In my opinion there is a risk that future deaths will occur unless action is taken. In the circumstances it is my statutory duty to report to you.
The MATTERS OF CONCERN are as follows.
1.      a. During the Inquest evidence was heard that Eifion’s GP had made a ‘very
urgent’ referral to the Single Point of Access and Allocation within BCUHB on 13 May 2022 indicating that on the background of attempts at ending his life, he was extremely concerned that Eifion was experiencing deterioration in his mental state. This document was contained within the hard copy set of notes held by the Psychiatric Liaison Team. When Eifion attended at the Emergency Department the following day, on 14 May 2022, the Emergency department staff were not aware of this ‘very urgent’ referral as they only had access to the electronic notes and not the hard copy notes. Had they been aware it is likely to have further informed their decision making. It is concerning that the process of ensuring electronic notes to allow for fully informed decisions around treatment and care based on all available records, is not available to staff. It was not clear at Inquest whether the transition from paper-based notes to electronic notes was a Health Board initiative or a nationally followed initiative. Either way, any delay in ensuring all notes are available electronically is potentially harmful to patients.
b. During the evidence it was accepted that ‘a’ above was not a consideration for improvement as part of the Health Board’s investigation and so was not an action within the Action Plan upon which it could make improvements or plan to make improvements. It is surprising that the Health Board did not consider this as an issue which required further consideration and improvements in its learning and improvement.
An investigation was commenced by the Health Board into Eifion’s death which appears to have been concluded in July 2022 but did not appear to be finalised and ready for sharing / disseminating until March 2023. I have previously issued Prevention of Future Death Reports to the Health Board pertaining to the lack of timeliness of their investigations, specifically in relation to investigations from deaths in 2020 and 2021. Whilst I have previously been advised of improvements into investigation processes in respect of more recent deaths the issue of timeliness remains. Eifion died in 2022 and yet the time it took for the investigation to be completed and shared, with actions undertaken has been too long. I am concerned that deaths will occur when the actions arising are not acted upon in a timely manner.
In my opinion action should be taken to prevent future deaths and I believe you have the power to take such action.

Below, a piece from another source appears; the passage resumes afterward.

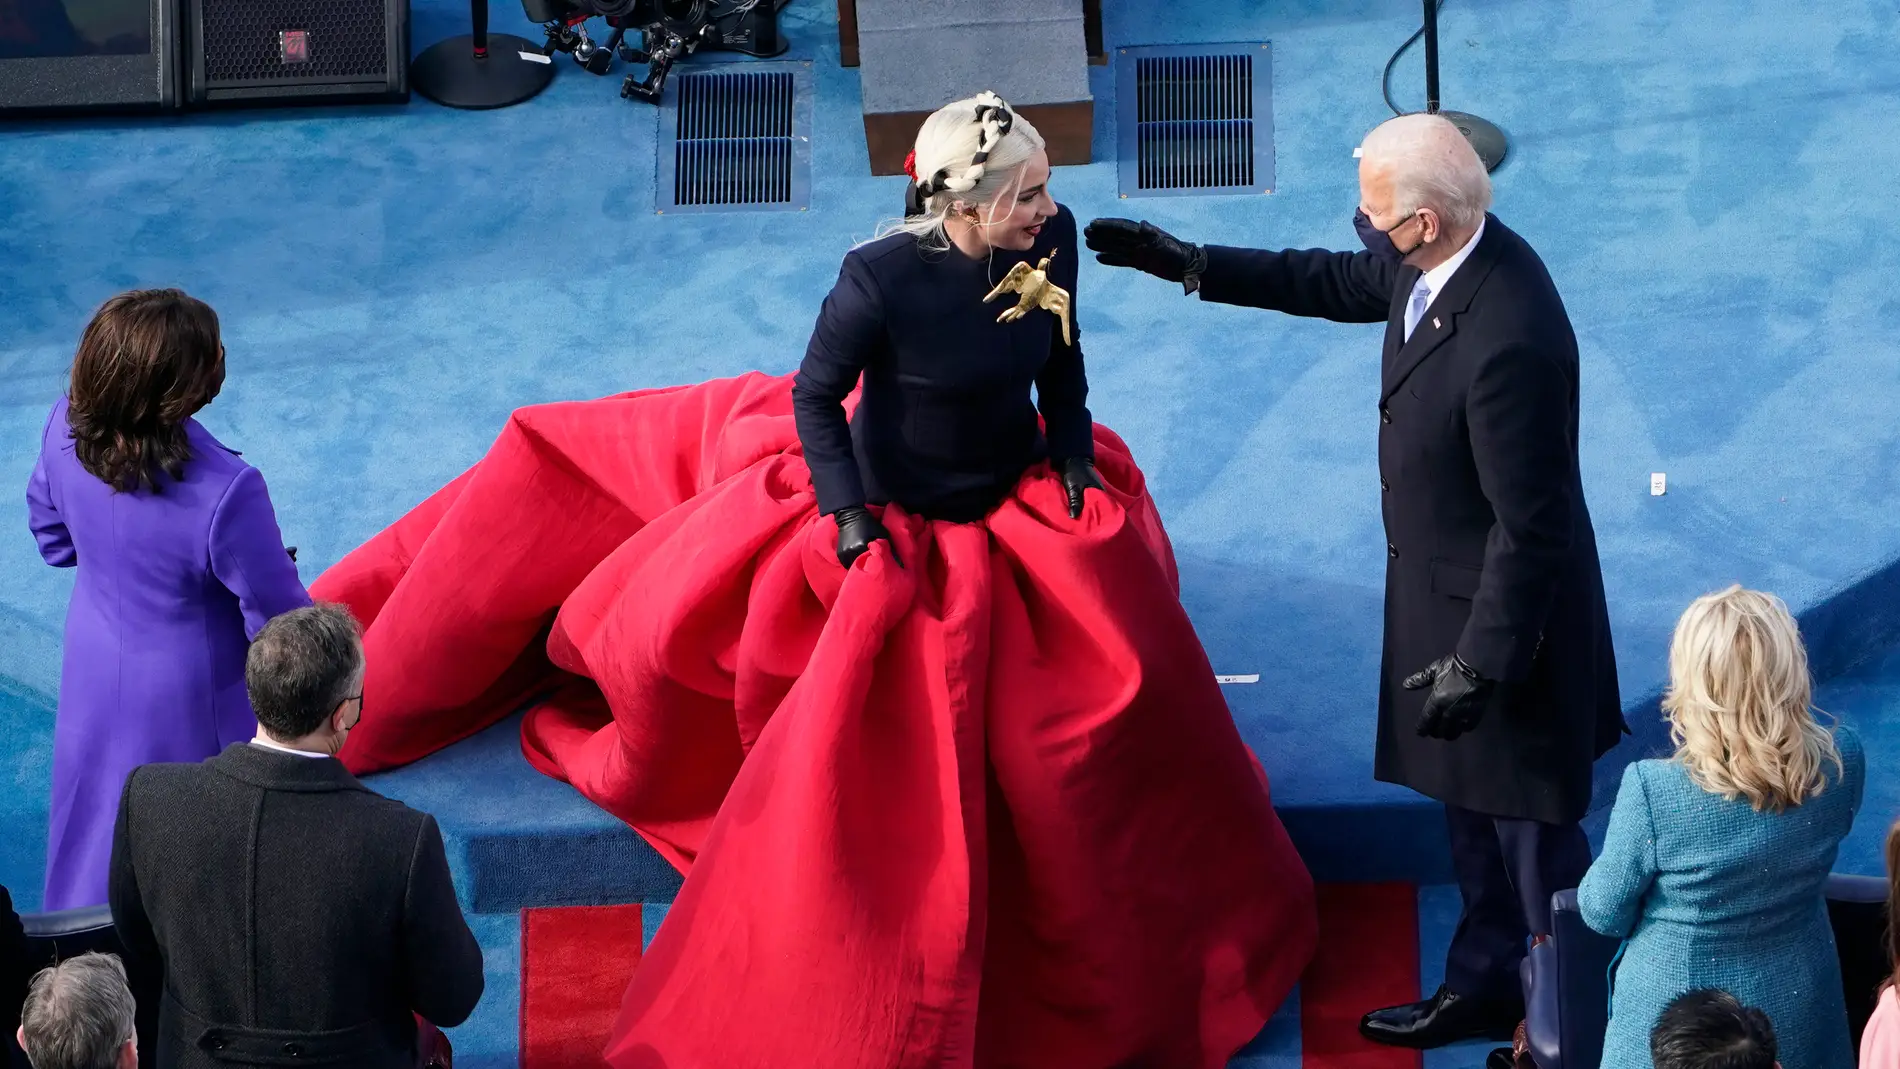 El secreto del vestido que Lady Gaga llevó a la investidura de Joe Biden

You are under a duty to respond to this report within 56 days of the date of this report, namely 3 August 2023. I, Kate Sutherland, the Coroner, may extend the period.
Your response must contain details of action taken or proposed to be taken, setting out the timetable for action. Otherwise, you must explain why no action is proposed.
I have sent a copy of my report to the Family of the Deceased and to the Chief Coroner. I have also sent a copy to Eluned Morgan, Heath Minister.
I am also under a duty to send the Chief Coroner a copy of your response.
The Chief Coroner may publish either or both in a complete or redacted or summary form. He may send a copy of this report to any person who he believes may find it useful or of interest. You may make representations to me, the coroner, at the time of your response, about the release or the publication of your response by the Chief Coroner.